Disgraced former Conservative MP Tony Clement says an alleged attempt to extort him over “inappropriate exchanges” wasn’t the first time.
In a letter posted online to his Parry Sound-Muskoka constituents, Clement — who resigned from the Conservative caucus on Wednesday — admitted to multiple “inappropriate exchanges” and said that not only had someone allegedly attempted to bribe a participant in one such exchange to disclose details of it last year but that the individuals who he accused of attempting to extort him earlier this week are “foreign actors.”
“During a period of personal difficulty and weakness I engaged in inappropriate exchanges that crossed lines that should never have been crossed,” he wrote.
“These exchanges led to acts of infidelity. One inappropriate exchange led to a woman being offered money by an anonymous social media account in exchange for the disclosure of intimate and personal information. I immediately reported this personal matter to the OPP last summer.”

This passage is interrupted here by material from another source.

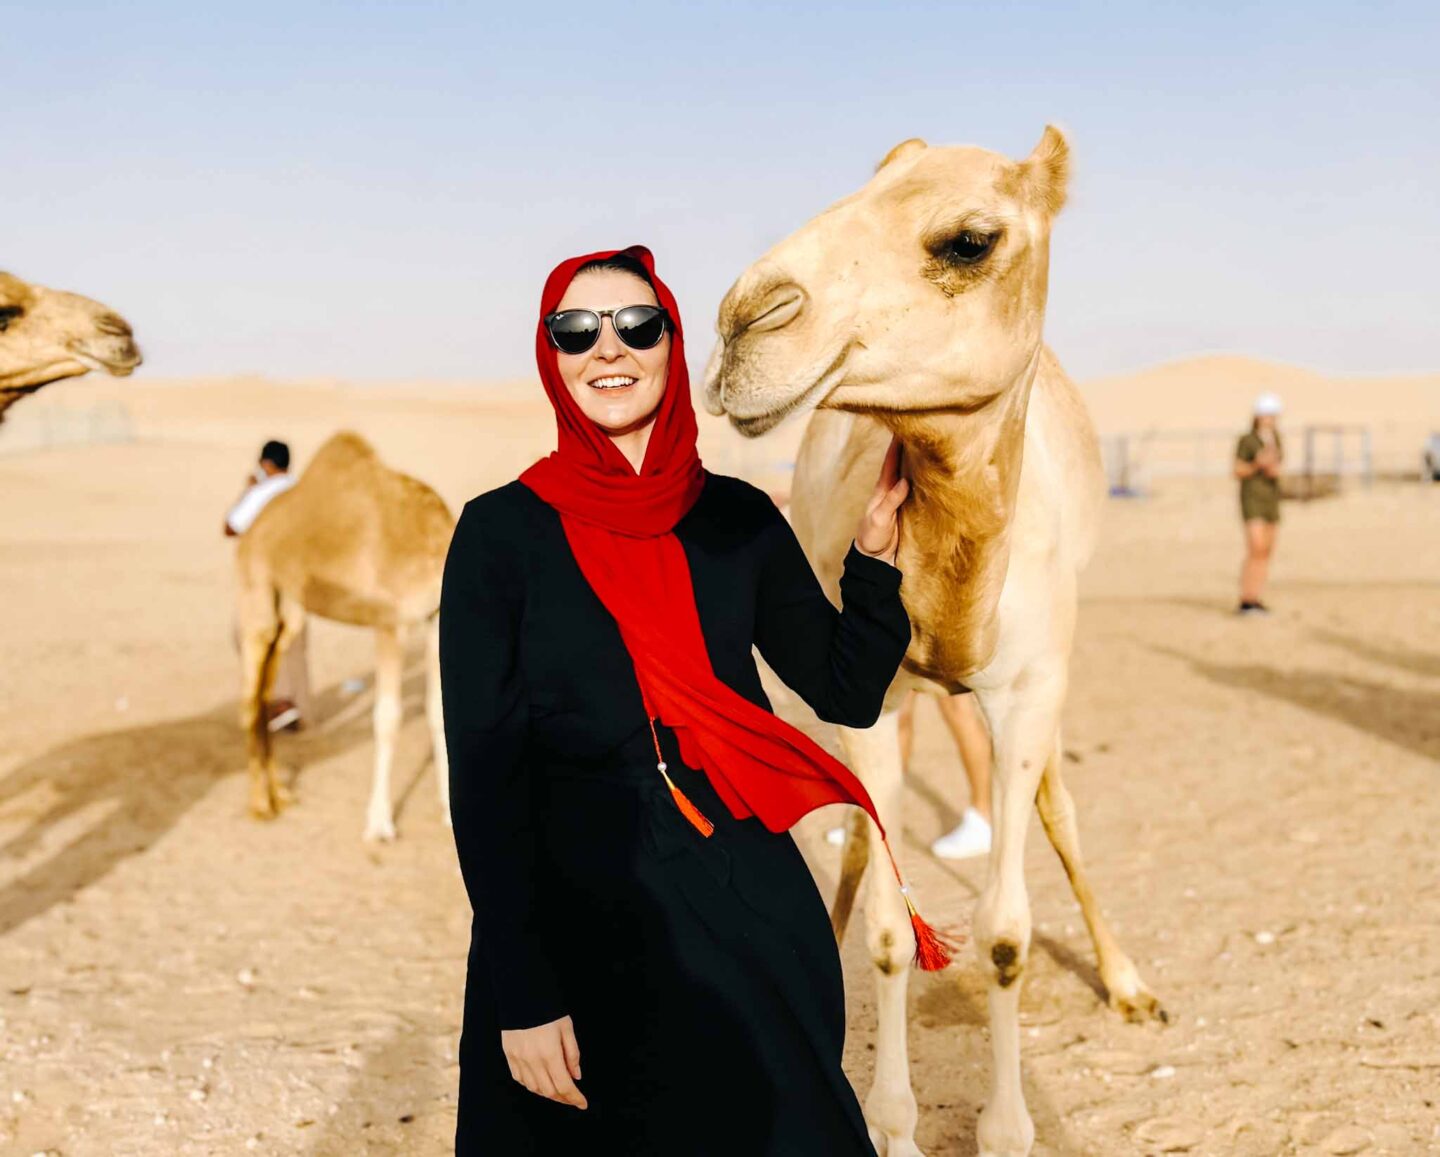 Things to do in Abu Dhabi, Abu Dhabi Desert Safari camel stop

He also said that the sending of “sexually explicit” photos and a video he admitted to in a public statement on Tuesday night had resulted in “foreign actors attempting to use my indiscretion for financial extortion.”
Global News exclusively reported on Tuesday that Clement had been asked to hand over €50,000.
Clement did not provide any evidence in his letter as to why he believed the actors allegedly trying to extort him are foreign.
RCMP confirmed earlier this week they are investigating after Clement brought the matter to their attention.
However, the force has not confirmed the nature of the investigation.
“In conducting myself this way I’ve let down myself, my family, my friends and supporters, my community, my work colleagues, and my staff — basically everyone I care about and who care about me,” Clement said in his letter posted online on Thursday.
“Pride and vanity got the better of me, and shame held me back from getting back to the path of good. I apologize to the women with whom the exchanges occurred, and I also apologize to anyone else who felt in any way that I crossed online boundaries that made them feel uncomfortable, even without my knowing. I am deeply sorry.”
Clement, who is married with three children, is a former Conservative cabinet minister and most recently served as the party’s justice critic.
He was also a member of various committees including the new National Security and Intelligence Committee of Parliamentarians.
Membership on that select committee gives parliamentarians top-secret security clearance to handle some of the country’s most sensitive intelligence.
In his statement announcing the alleged extortion attempt on Tuesday night, Clement said he was resigning from both his role as justice critic and from his various committee roles.
Conservative Leader Andrew Scheer later confirmed that included resigning from his role on the national security committee.
EXCLUSIVE: Tony Clement facing alleged extortion demand of 50K euros after sending ‘sexually explicit’ photos, video
Scheer had said on Wednesday morning he had met with Clement on Monday and that he was taking the MP at his word that the explicit photos and video at the heart of the sexting scandal were a one-off.
He reversed that position just hours later, telling reporters ahead of question period that the matter “is not an isolated incident.”
Because of that realization, Scheer announced he had asked Clement to resign from the Conservative caucus and that he had done so.
A Global News reporter later spotted Clement at Toronto’s Pearson International Airport.
He did not respond to that reporter’s attempts to question him on his caucus exit.
However, Clement’s claim of foreign involvement raises significant questions as the clock ticks down to the next federal election.
He is not the first Canadian MP to claim his social media activities have been targeted by foreign actors.
During a meeting of the House of Commons ethics committee last month, Conservative MP Peter Kent told members gathered there that his Facebook and Instagram accounts had been hacked by someone outside the country earlier that same week.
“As a politician, I participate in social media almost entirely for political benefit, and there are significant benefits to using Facebook, Instagram and other social media—Twitter,” he said.
“This week the digital threat was brought home to me when my Instagram account was seized by someone from outside of the country. My Facebook account was hacked and took some time to be recovered.”
In a September report, the Communications Security Establishment specifically flagged the issue of attempts by adversaries to blackmail and discredit political targets as a key threat to the Canadian democratic process.
One month earlier, in August, Commissioner of Elections Yves Côté also highlighted social media as a potential target for foreign interference attempts.
The Liberal’s Bill C-76, which attempts to crack down on foreign interference and modernize the Elections Canada Act, is currently being studied by the Senate.
It has faced criticism for not going far enough to address concerns about privacy of voters and foreign interference.
But officials with Elections Canada have said they are already working on implementing its provisions in order to prepare for the 2019 campaign and election.